--- TASK GOAL ---
From the records below, transcribe exactly the lines that begin at the line with "Onepiece第99巻sbs考察 ロジャーとレイリーの赤ん坊発言 赤太郎とバギ次郎確定" and end at the line with "Buy Dune Tildy", both included.

--- DATA UNDER STUDY ---
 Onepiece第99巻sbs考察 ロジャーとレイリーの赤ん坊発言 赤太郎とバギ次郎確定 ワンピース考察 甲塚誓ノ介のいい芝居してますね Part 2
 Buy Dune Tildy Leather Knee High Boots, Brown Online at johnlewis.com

* * *

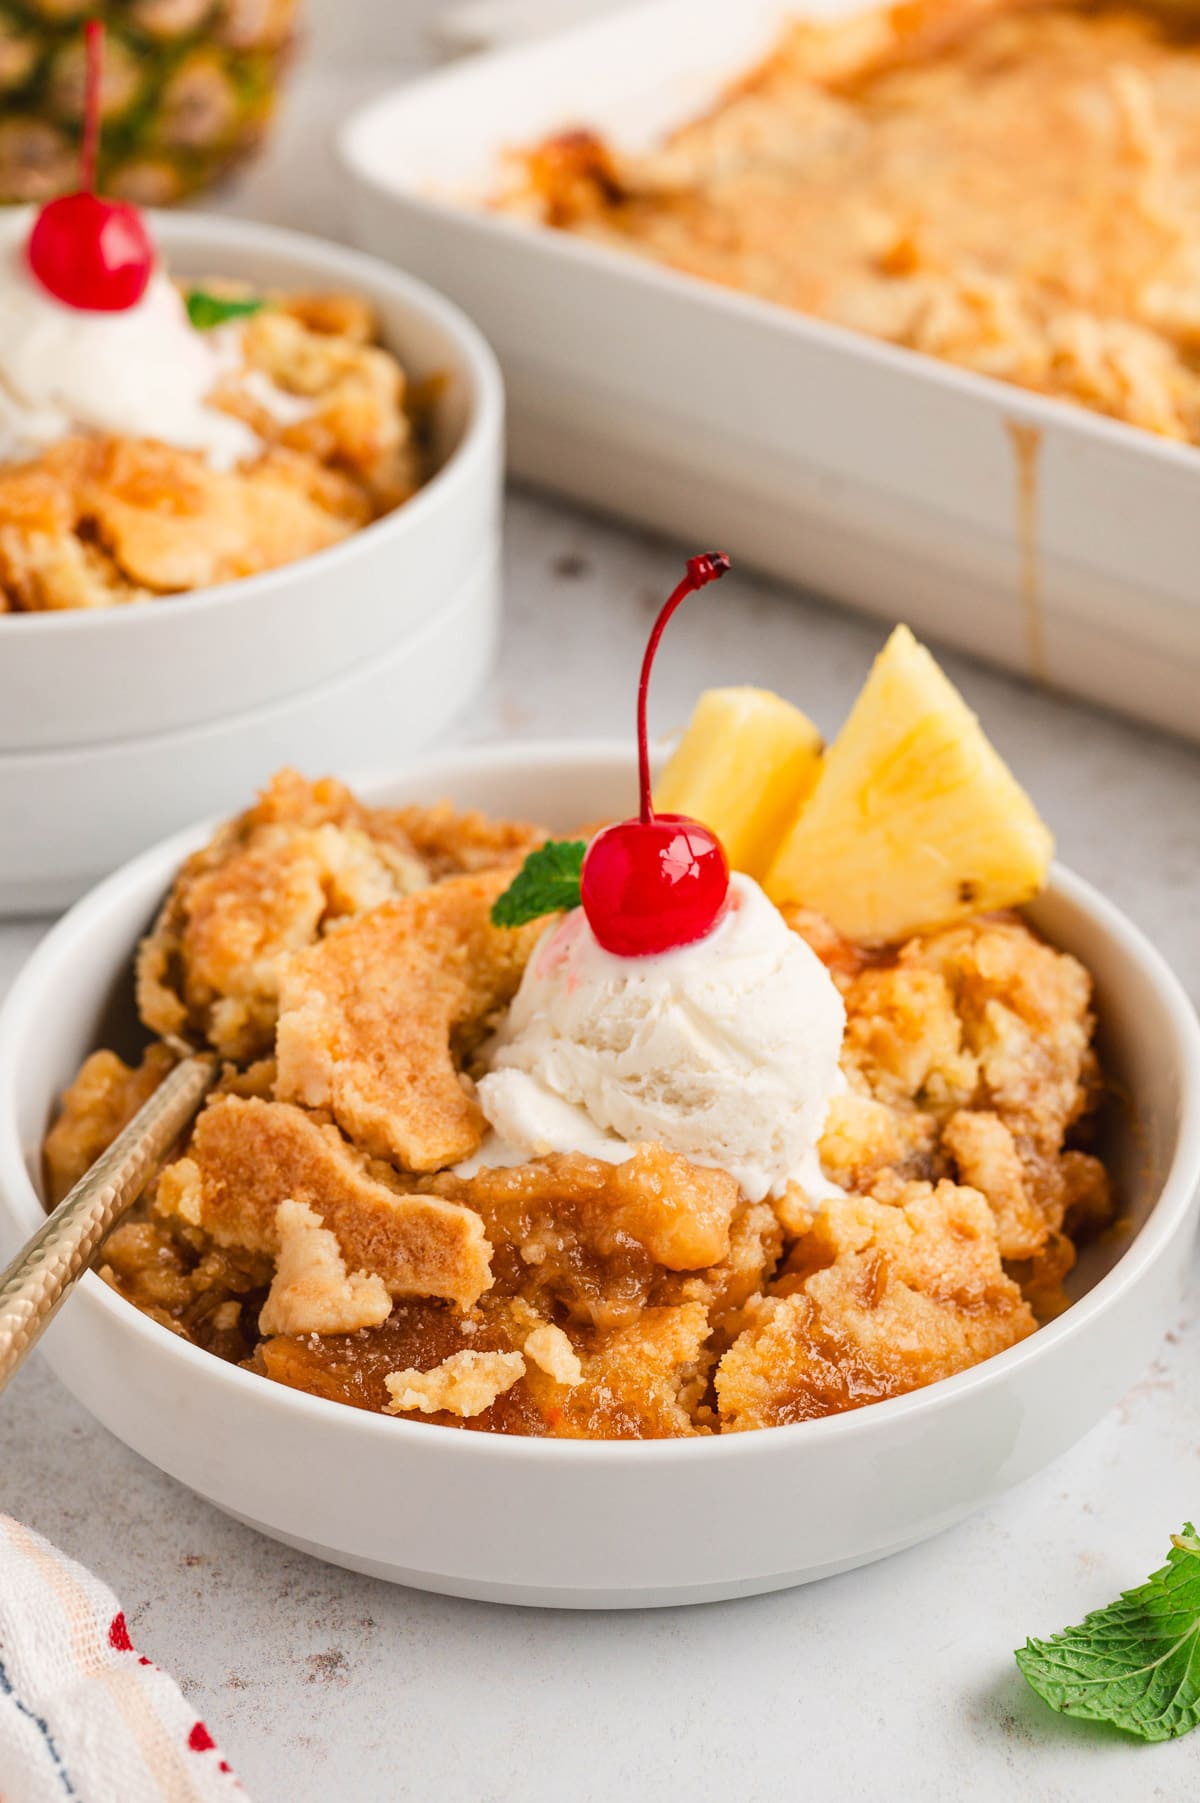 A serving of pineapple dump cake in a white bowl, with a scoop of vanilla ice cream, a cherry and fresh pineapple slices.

--- SOLUTION FOR THIS PROBLEM ---
 Onepiece第99巻sbs考察 ロジャーとレイリーの赤ん坊発言 赤太郎とバギ次郎確定 ワンピース考察 甲塚誓ノ介のいい芝居してますね Part 2
 Buy Dune Tildy Leather Knee High Boots, Brown Online at johnlewis.com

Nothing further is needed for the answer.